Idea for minimal variadic type parameters

This is a proposal for Variadic type parameters, that is sufficient to make a clean API for the Fn* traits that we could stabilize. It does not create a complete system for general variadic arguments, although I believe it would be forwards compatible with such a system.

To give a concrete example first, the definition of the FnOnce trait would look like this:

pub trait FnOnce<Args: ...> {
  type Output;
  extern "rust-call" fn call_once(self, args: Args) -> Self::Output;
}

and an implementation of FnOnce might look like:

impl FnOnce<i32, String, bool> for MyCallable {
  type Output = Result<(), Error>;
  extern "rust-call" fn call_once(self, a: i32, s: String, b: bool) -> Self::Output {
    ...
  }
}

Details

The special token “…” will be allowed as a type bound on generic type parameter, such a type parameter will be referred to as a variadic type parameter.
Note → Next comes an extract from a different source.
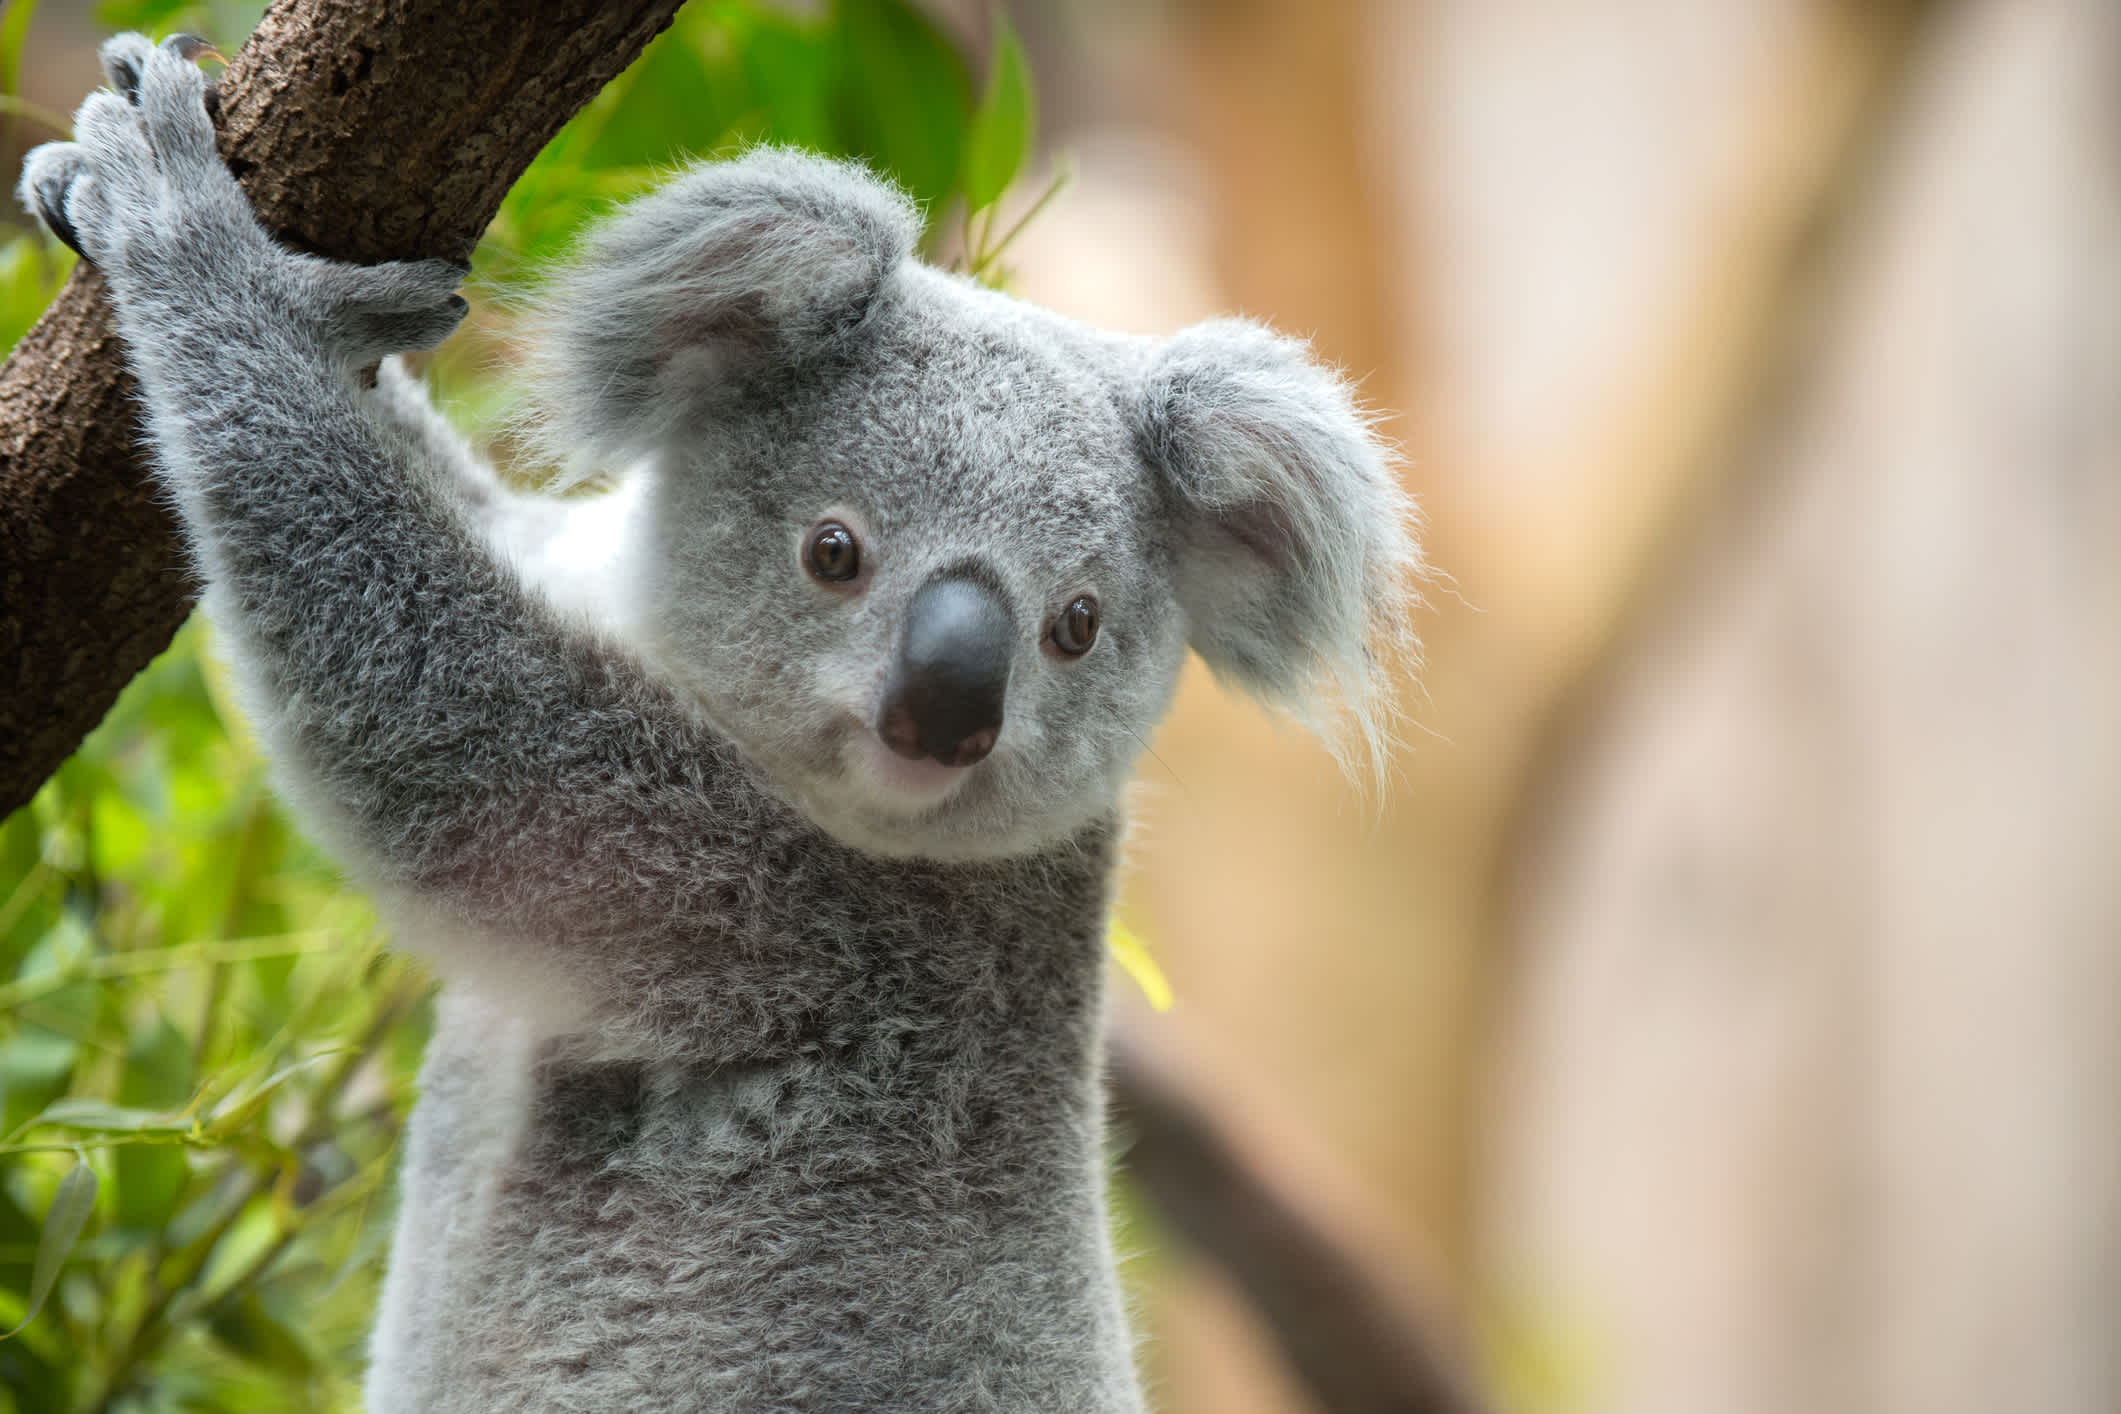 Koala-Bär auf einem Baum, Australien.

The “…” bound cannot be combined with other bounds with “+”. A generic item must have at most one variadic type parameter, and if it does have one, it must be the last type parameter.

If a type parameter T is “…”, then that type parameter is only allowed in the following positions:

  • The type of the last argument in a function, method, or closure definition
  • As the last type in a tuple type (ex: (i32, u32, T))
  • As the last type in the definition of a tuple like struct (ex: struct MyStruct<T: ...>(i32, u32, T))
  • As the last type parameter to another generic item which accepts a variadic type parameter

In particular, note that you cannot use a variadic type parameter as the type for a field or associated const, as an associated type, or as a return type, although you could use a tuple composed of the types in T in these places by using (T).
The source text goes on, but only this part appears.